Even if I was an incorrigible fool, I wanted to believe that there was still something fundamental in me worthy of my own respect.

With combined humility of character and stinging outbursts of emotion, the wife decided to file for divorce from Fujino, her husband, after he practically abandoned her and their daughter. This decision was rebuffed by her and Fujino's friends and acquaintances. "Nothing good will come of a divorce", one would say to convince her to backtrack from her decision. "Believe me, nothing goes right for a woman of her own", another one would tell her pointedly.
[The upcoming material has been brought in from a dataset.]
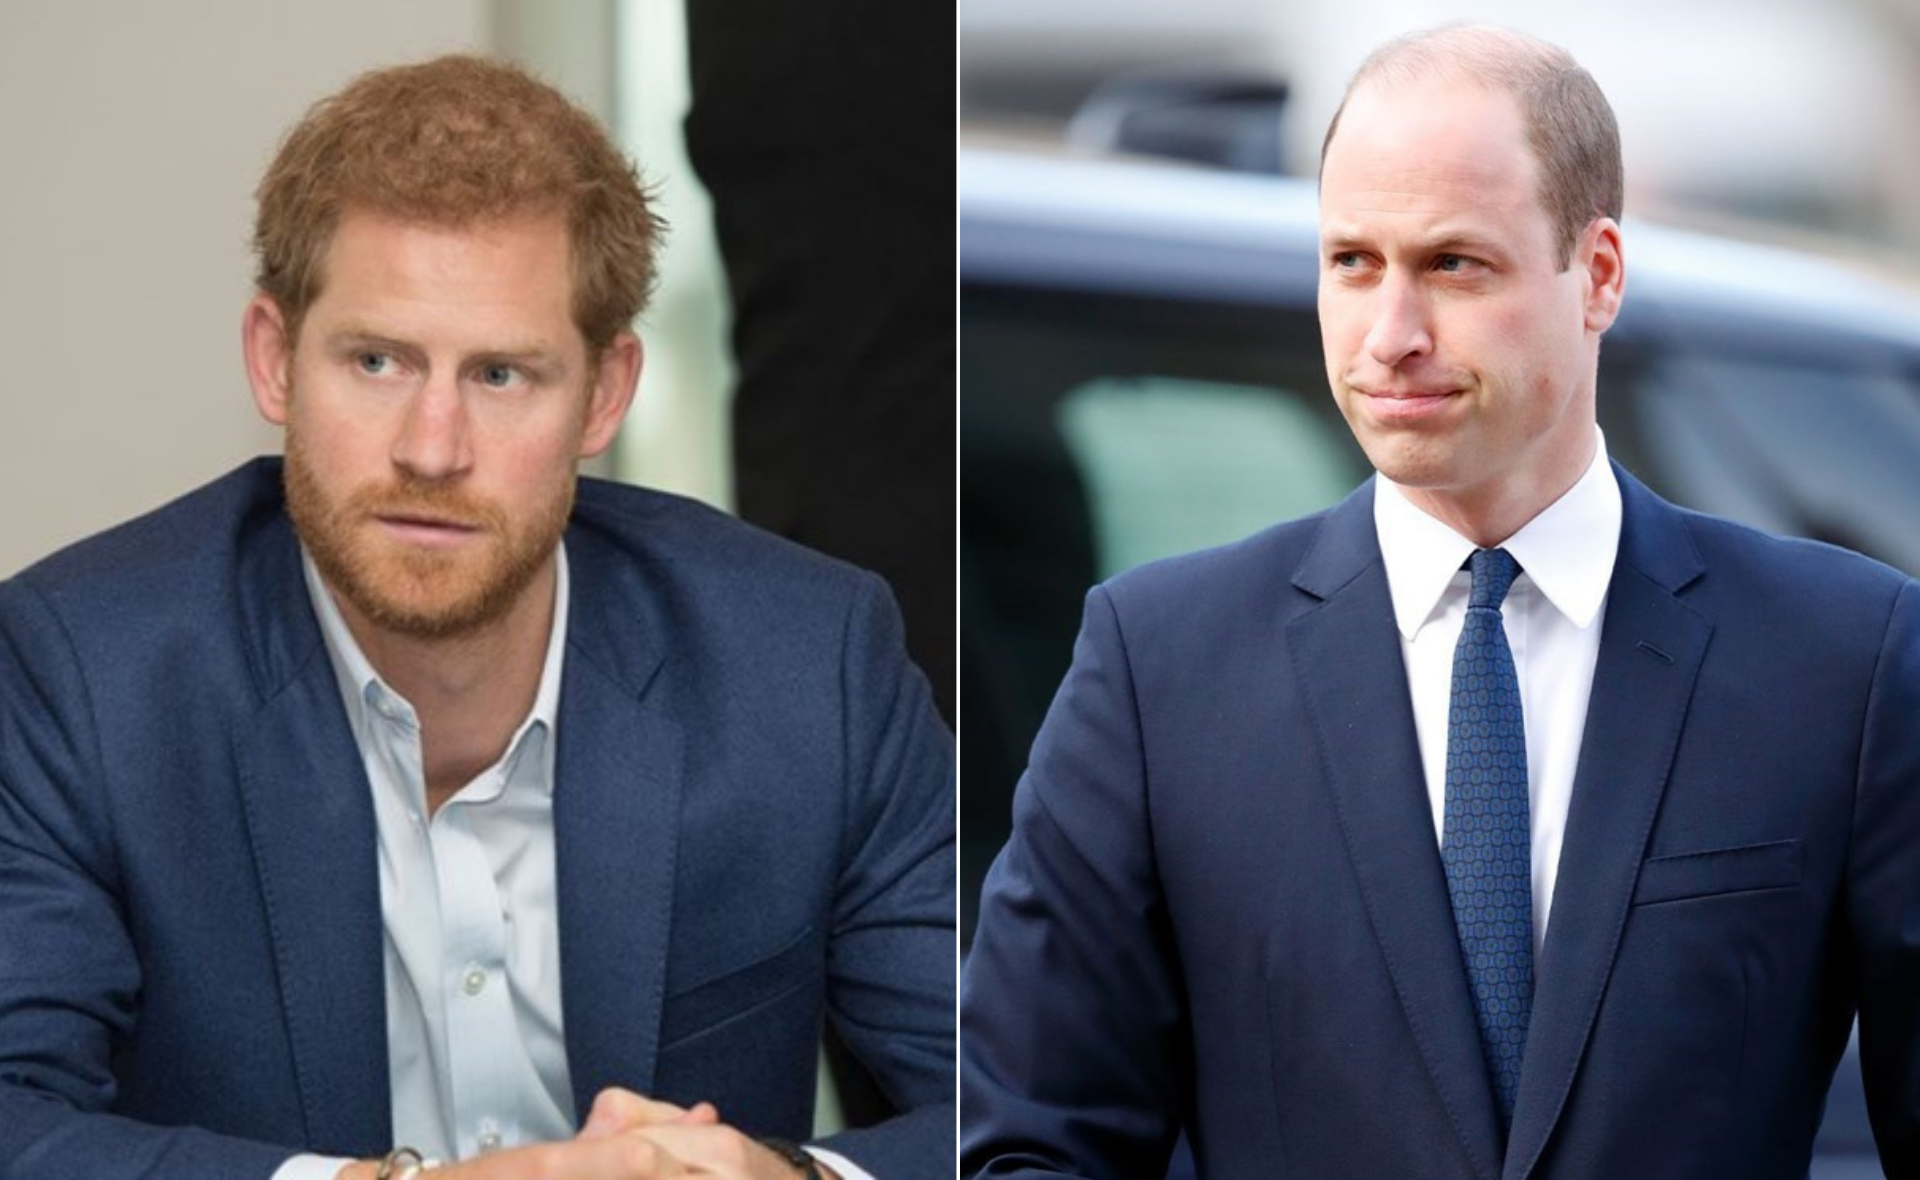 Prince William and Prince Harry have shared scathing statements criticising the BBC’s “deceit” over their Panorama interview with Princess Diana

And her husband would chastise her, "how are you going to manage with the little one on your own?" "Shadowy figures", who seemingly were conspiring collectively against her, would plague her consciousness. This novel was as much a poetic journey toward an unknown epiphany as a psychological journey (or "transformation", though that word is overused) of the woman from a helpless single mother to an independent individual able to repulse at every turn the forces that compel her not to turn away from her husband and "ruin" the family.

*

Among her virtues as a novelist, Tsushima's extraordinary display of compassion and empathy was the most haunting. Contemplating the reasons behind a woman's suicide by jumping in front of a train, the narrator of Territory of Light was "gripped by a sense that [she] shouldn't distance [herself] from the person who'd gone under the train as if it were nothing to do with [her]." Her extraordinary sympathy extended from the singular victim to the collective.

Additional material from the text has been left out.